The AVR documentation even lists the cycle count for each opcode (see example excerpt below).

Image: LDI

Now, using this information, we can calculate the total number of cycles for all the opcodes in our loop above…

Address	Instruction	Mnemonic	Cycles
0x3c8	81 e0	ldi r24, 0x01	1
0x3ca	c8 1a	sub r12, r24	1
0x3cc	d1 08	sbc r13, r1	1
0x3ce	e1 08	sbc r14, r1	1
0x3d0	f1 08	sbc r15, r1	1
0x3d2	8f ef	ldi r24, 0xFF	1
0x3d4	c8 16	cp r12, r24	1
0x3d6	d8 06	cpc r13, r24	1
0x3d8	e8 06	cpc r14, r24	1
0x3da	f8 06	cpc r15, r24	1
0x3dc	79 f0	breq .+30 (branch if equal)	1 if not taken, 2 if taken
0x3de	80 e6	ldi r24, 0x60	1
0x3e0	c8 16	cp r12, r24	1
0x3e2	83 ee	ldi r24, 0xE3	1
0x3e4	d8 06	cpc r13, r24	1
0x3e6	86 e1	ldi r24, 0x16	1
0x3e8	e8 06	cpc r14, r24	1
0x3ea	f1 04	cpc r15, r1	1
0x3ec	69 f7	brne .-38 (branch if not equal, to 0x3c8)	2 if taken, 1 if not

…and we get 20 Air cycles per loop iteration. This allows us to estimate the expected runtime of our program:

3.000.000 [loop(s)] * 20 [cycles / loop] = 60.000.000 [cycles]
60.000.000 [cycles] / 16.000.000 [cycles / sec] = 3.75 [sec] = 3750 [ms]

OpCode Cycle Count (in Reality)

Actually, I don’t have a display or a serial port configured to send debugging messages. The reason? To keep the code size minimal and avoid introducing any hidden side effects.

So… how can we show the runtime of our program?
Enter “Morse Code” — DIY Debug Style!

Instead of classic Morse sequences of short and long signals, I use a dummy form of Morse code:

First, send one long LED signal to indicate that a digit follows.
Then, send a number of short LED blinks to represent the digit itself.
We repeat this for each digit, moving from right to left.

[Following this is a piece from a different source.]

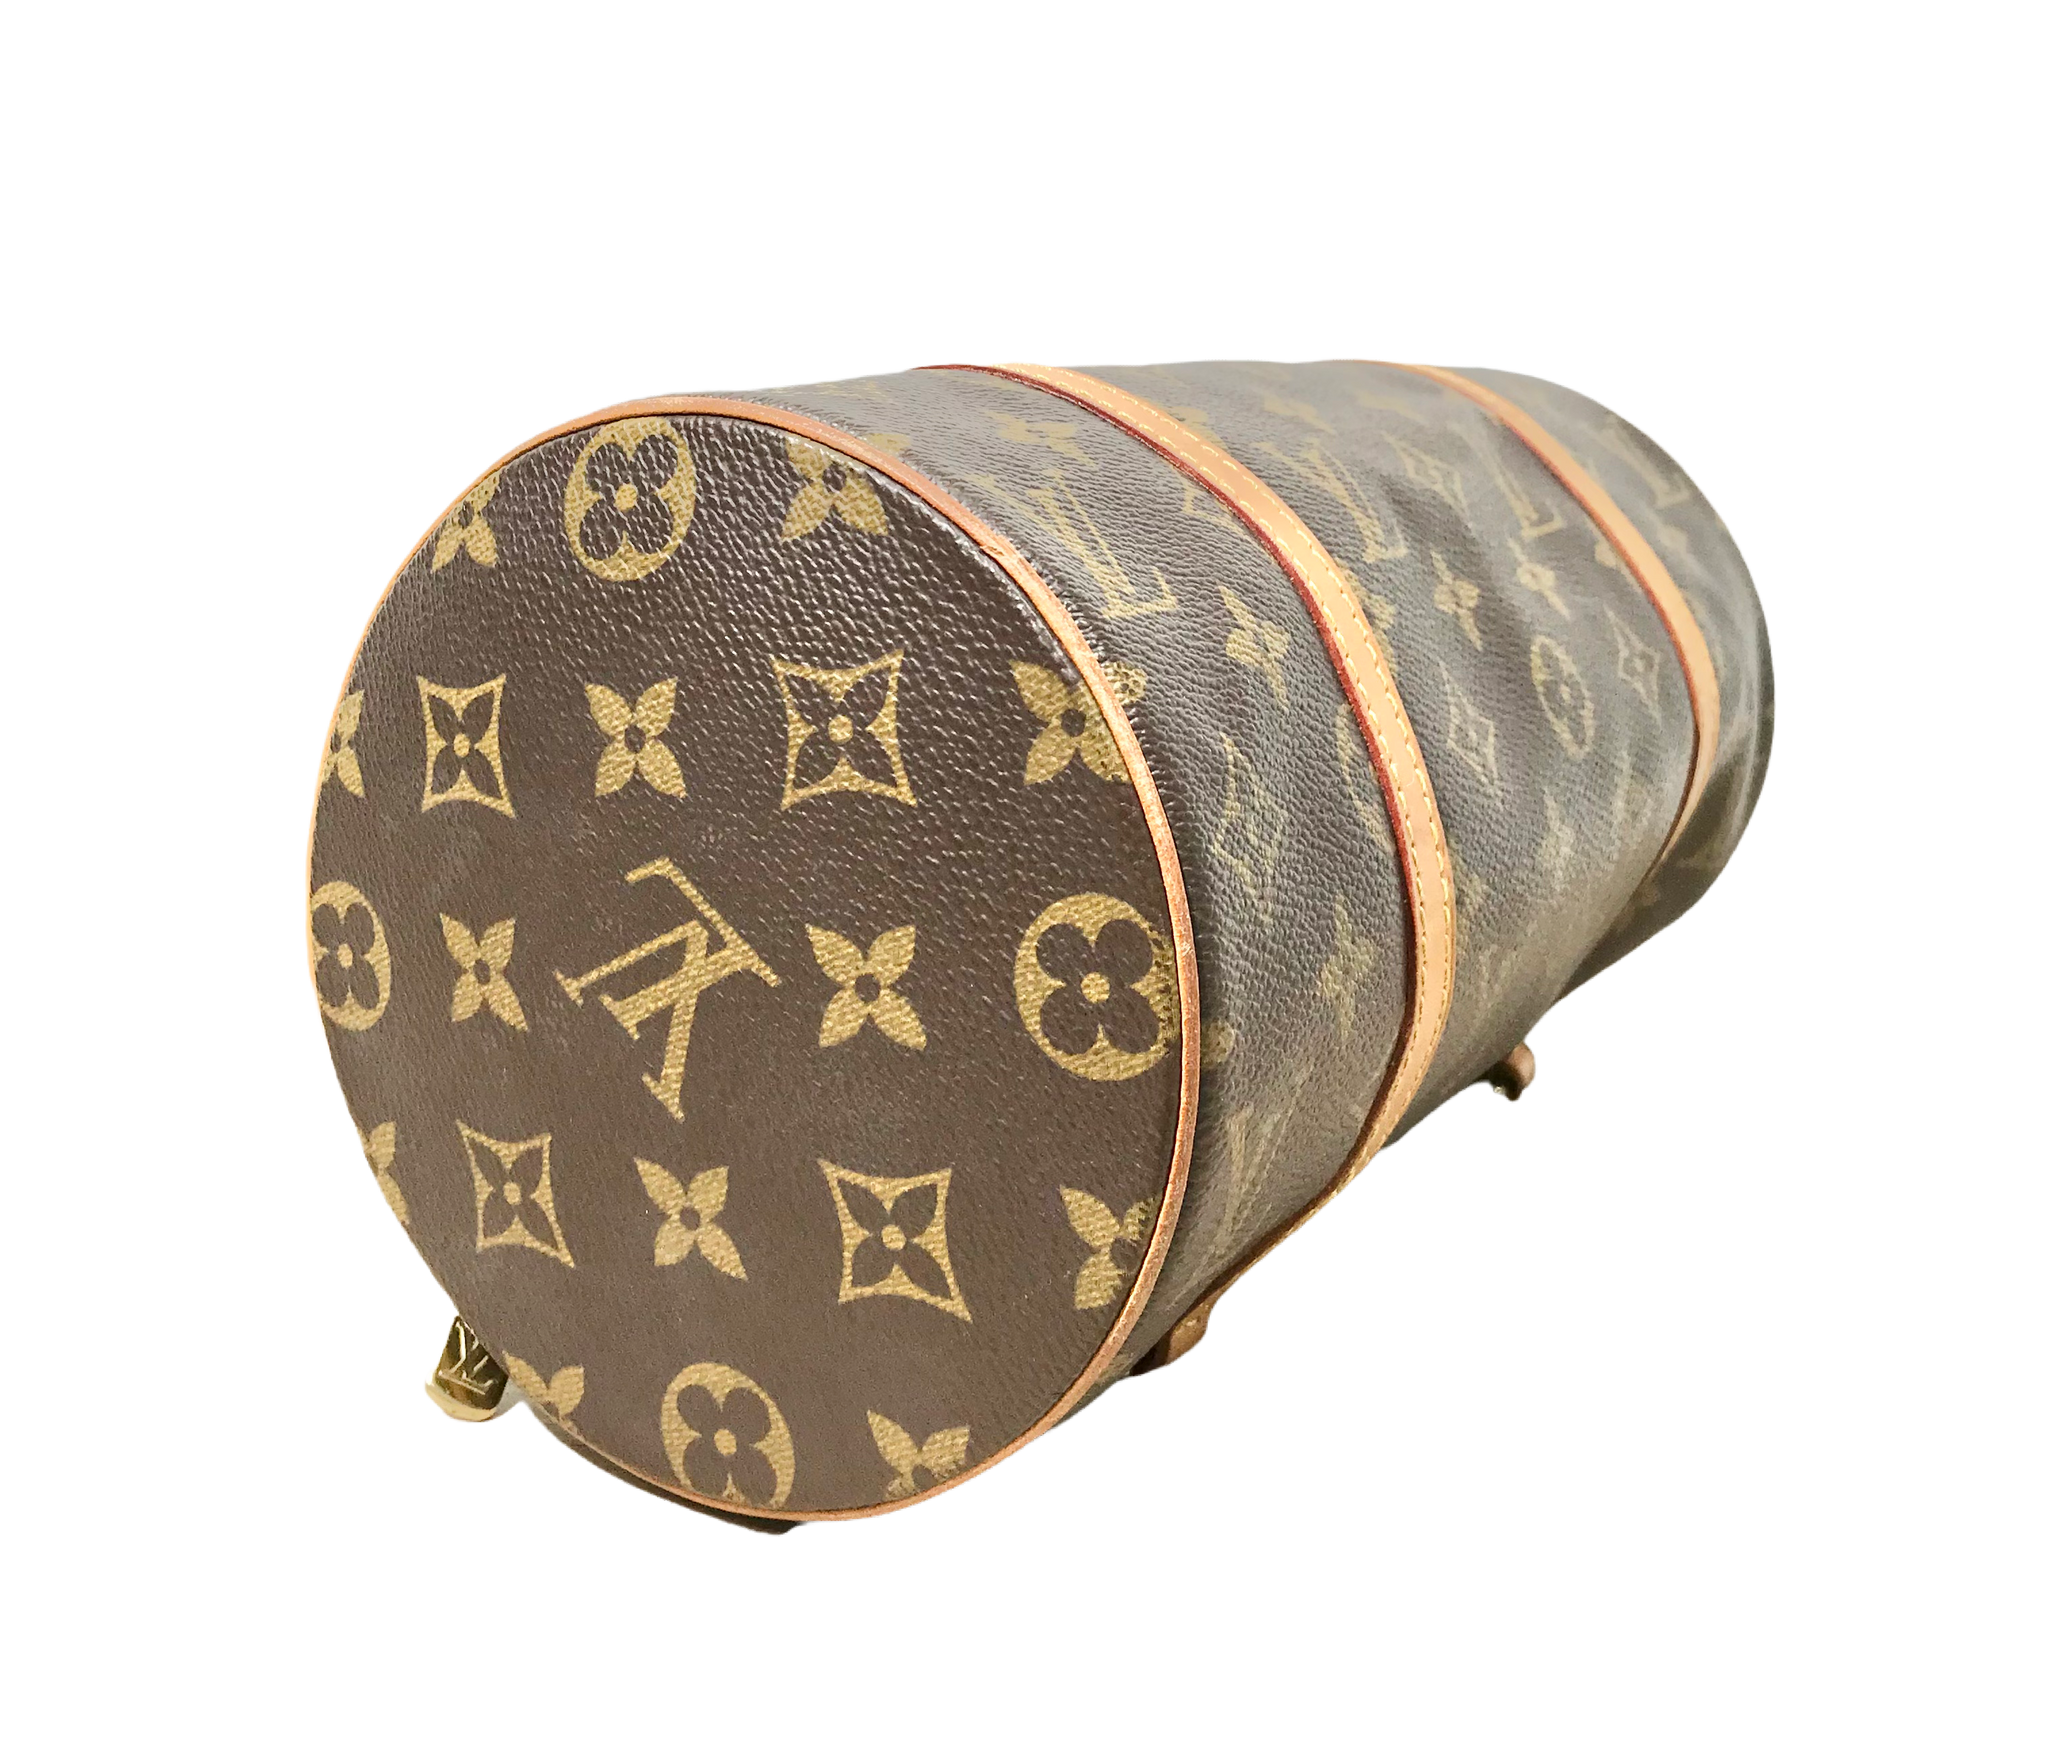 Auth LOUIS VUITTON Papillon 26 M51386 Monogram SP0023 Handbag

This simple trick lets us “print” numbers using just the onboard LED — no additional hardware, no clutter, no hidden surprises.

while (total_ms > 0) {
    digitalWrite(LED_BUILTIN, HIGH);
    delay(2000);
    digitalWrite(LED_BUILTIN, LOW);
    delay(250);

    int blinkCount = (int)(total_ms % 10);
    for (int b = 0; b < blinkCount; b++) {
      digitalWrite(LED_BUILTIN, HIGH);
      delay(250);
      digitalWrite(LED_BUILTIN, LOW);
      delay(250);
    }

    delay(1000);

    total_ms = total_ms / 10;
}

DRUMROLL!

In theory we expected 3750 [ms], we measured 3771 [ms], that’s only 21 [ms] difference! A 21 [ms] delta over 3.75 seconds is just 0.55%, which is within expected bounds due to hardware and measurement imperfections.